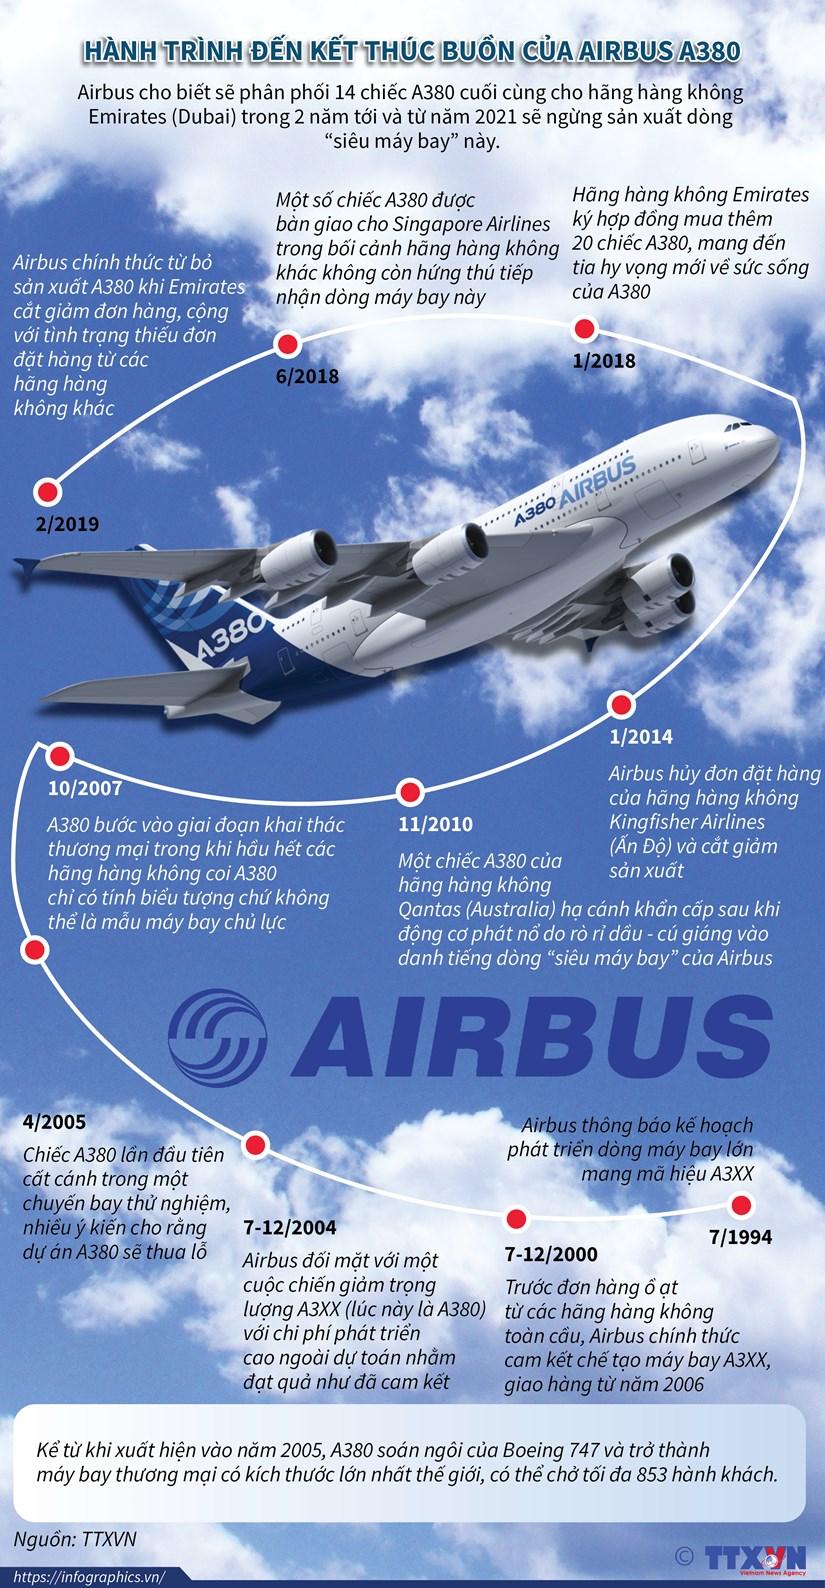 [Infographics] Hanh trinh dan den ket thuc buon cua Airbus A380 hinh anh 1
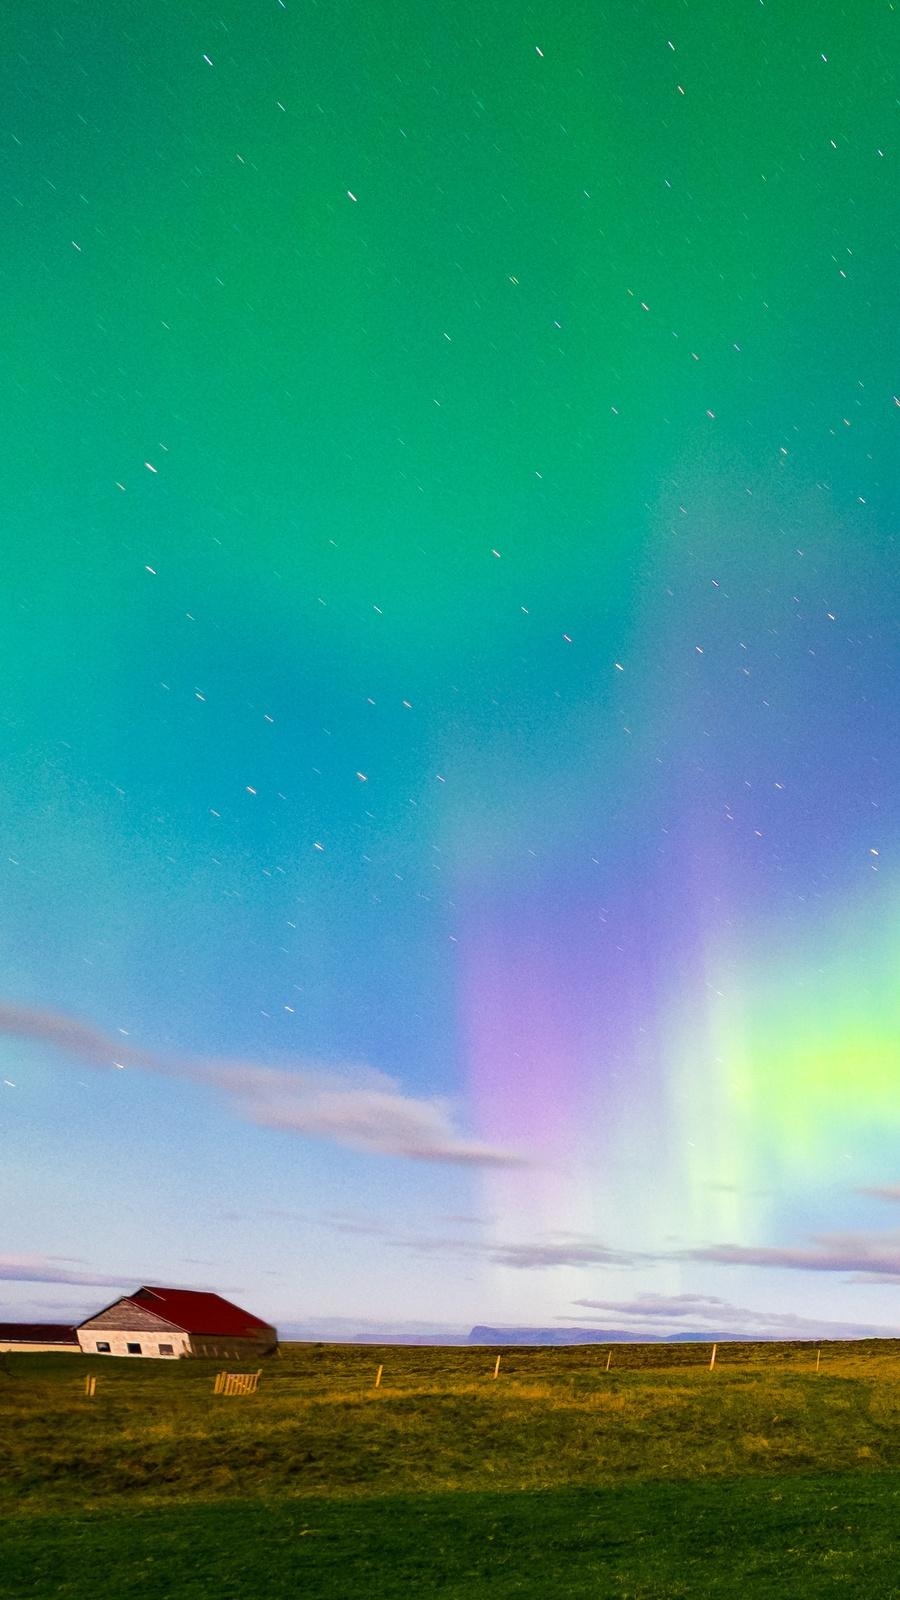 Iceland aurora borealis northern lights iphone wallpaper - Iceland iphone wallpaper ...
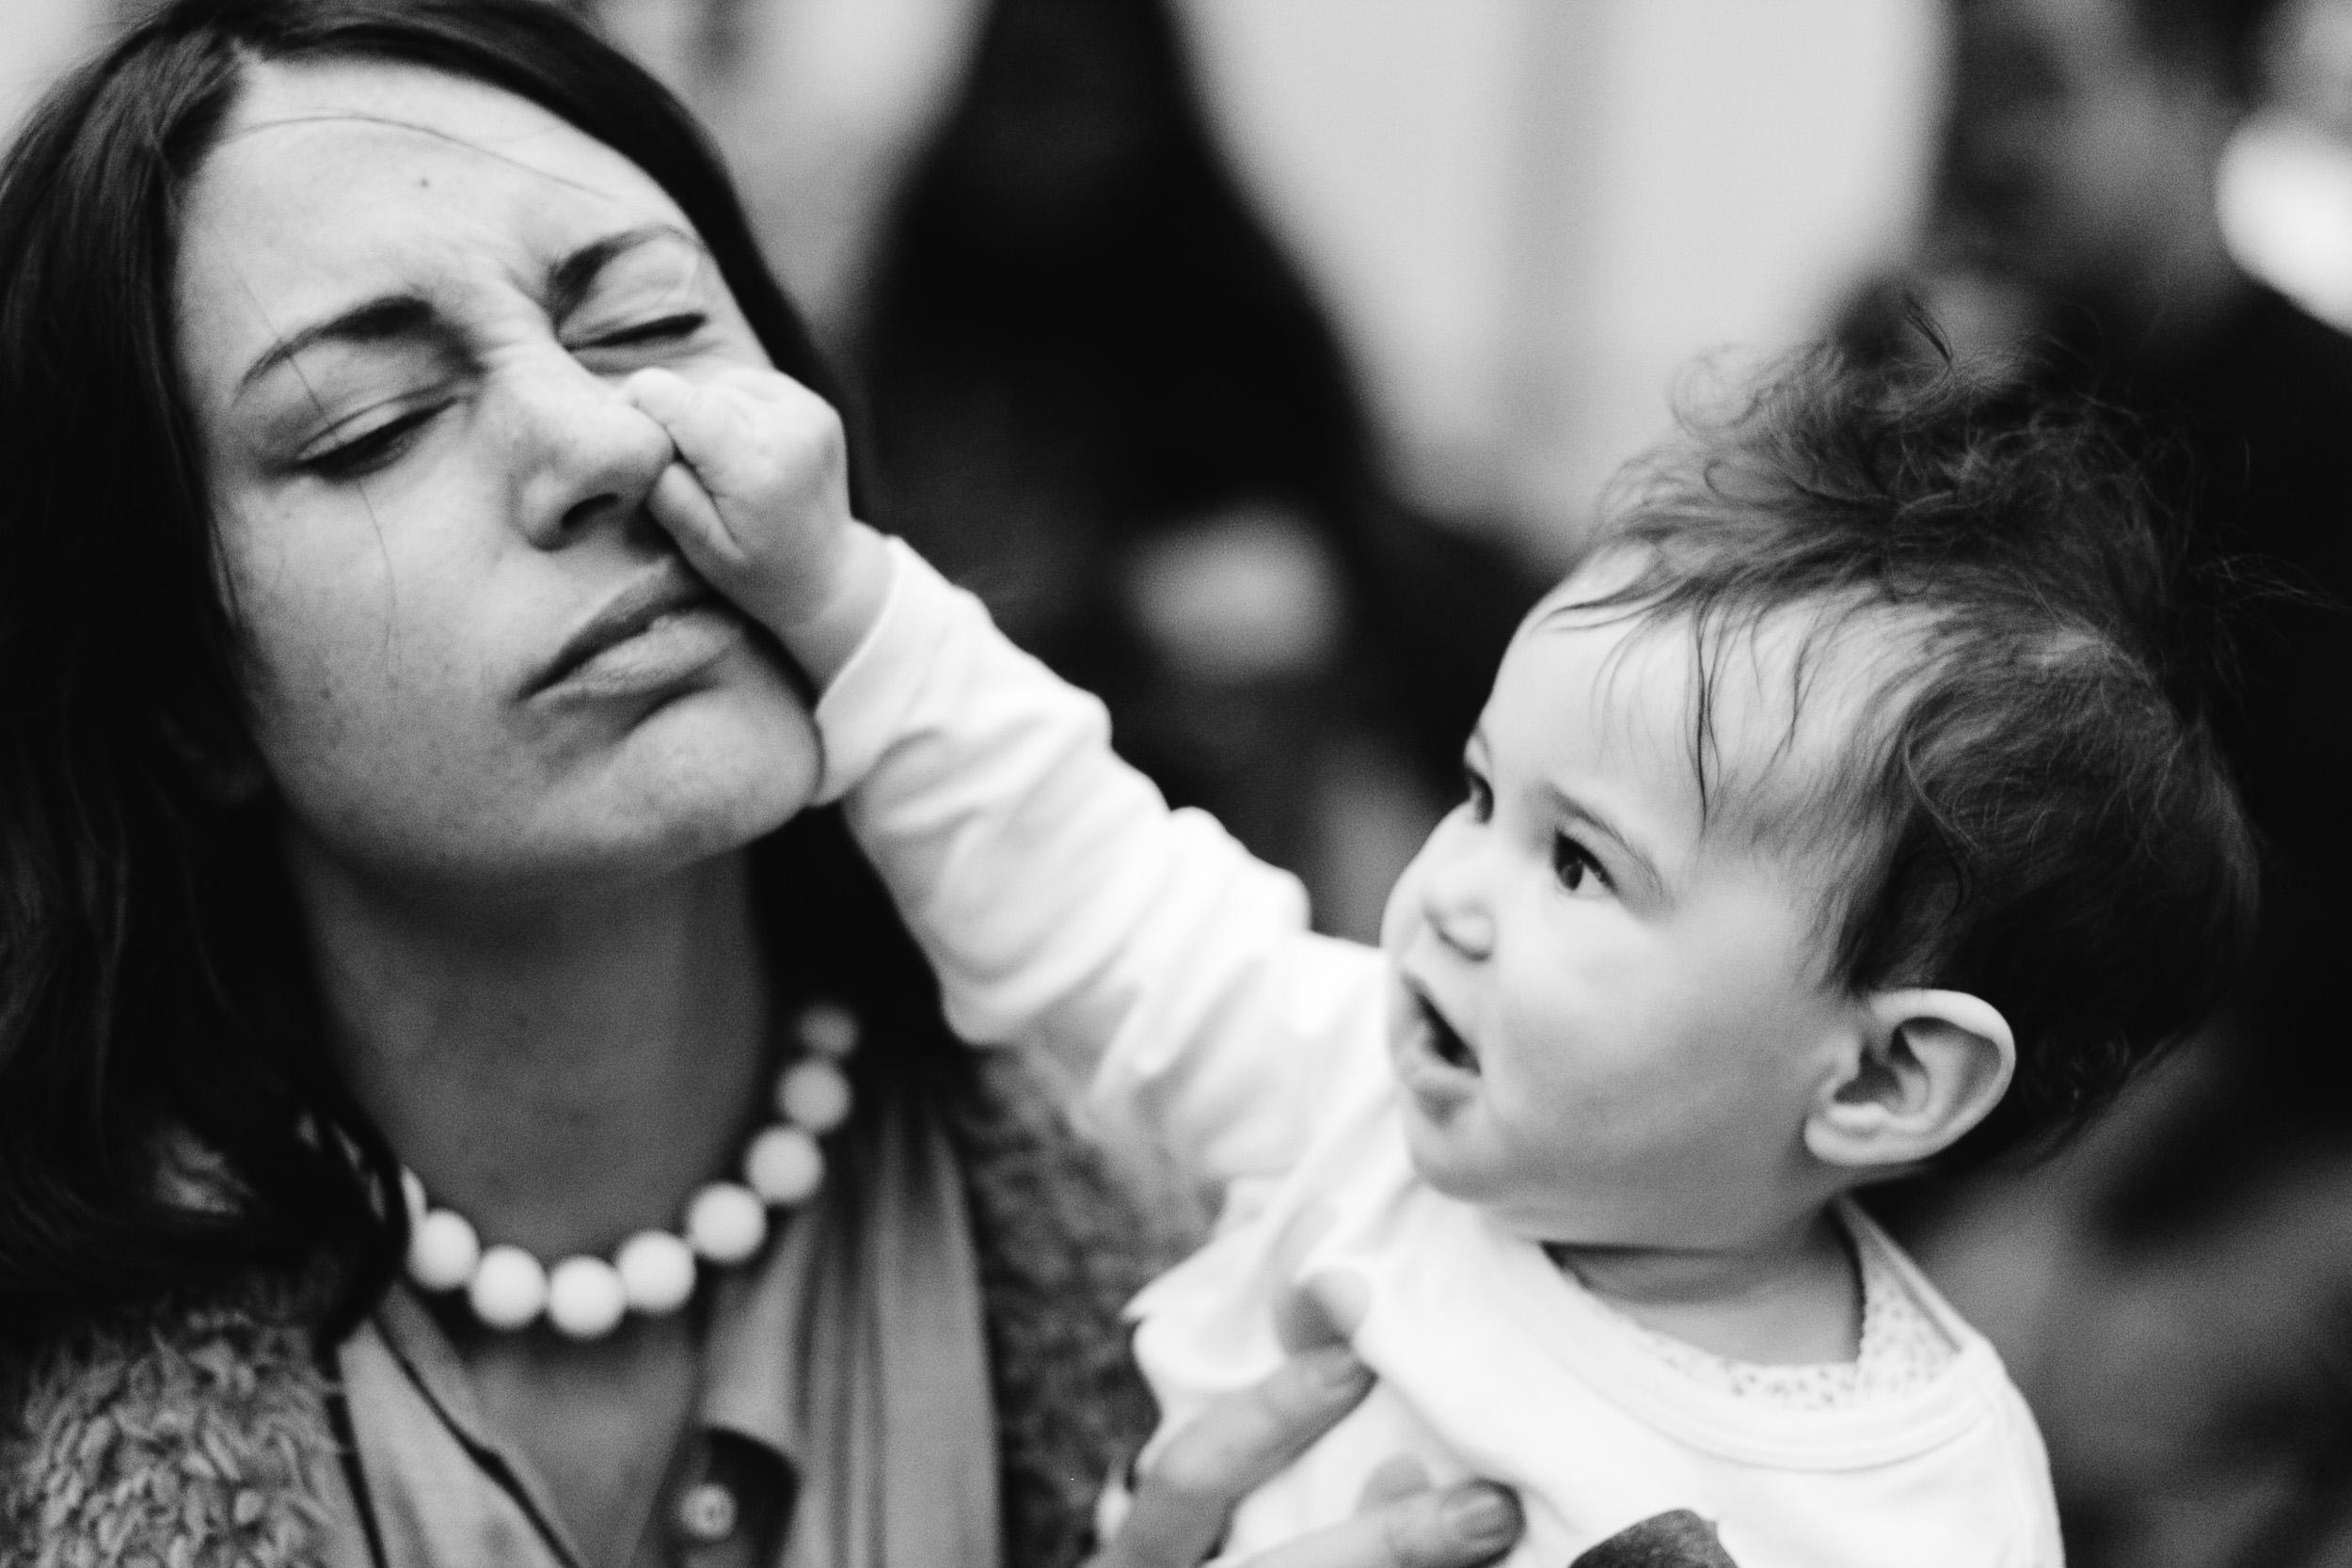 Deborah-Barak-Documentary-Family-Photography-Brooklyn_NYC_baby-finger-in-moms-nose.jpg

------------------------------------

### EXERCISE
Repeat the listing verbatim. Skip the pictures.

### OUTPUT OF THE TASK
 [Infographics] Hanh trinh dan den ket thuc buon cua Airbus A380 hinh anh 1
 Iceland aurora borealis northern lights iphone wallpaper - Iceland iphone wallpaper ...
 Deborah-Barak-Documentary-Family-Photography-Brooklyn_NYC_baby-finger-in-moms-nose.jpg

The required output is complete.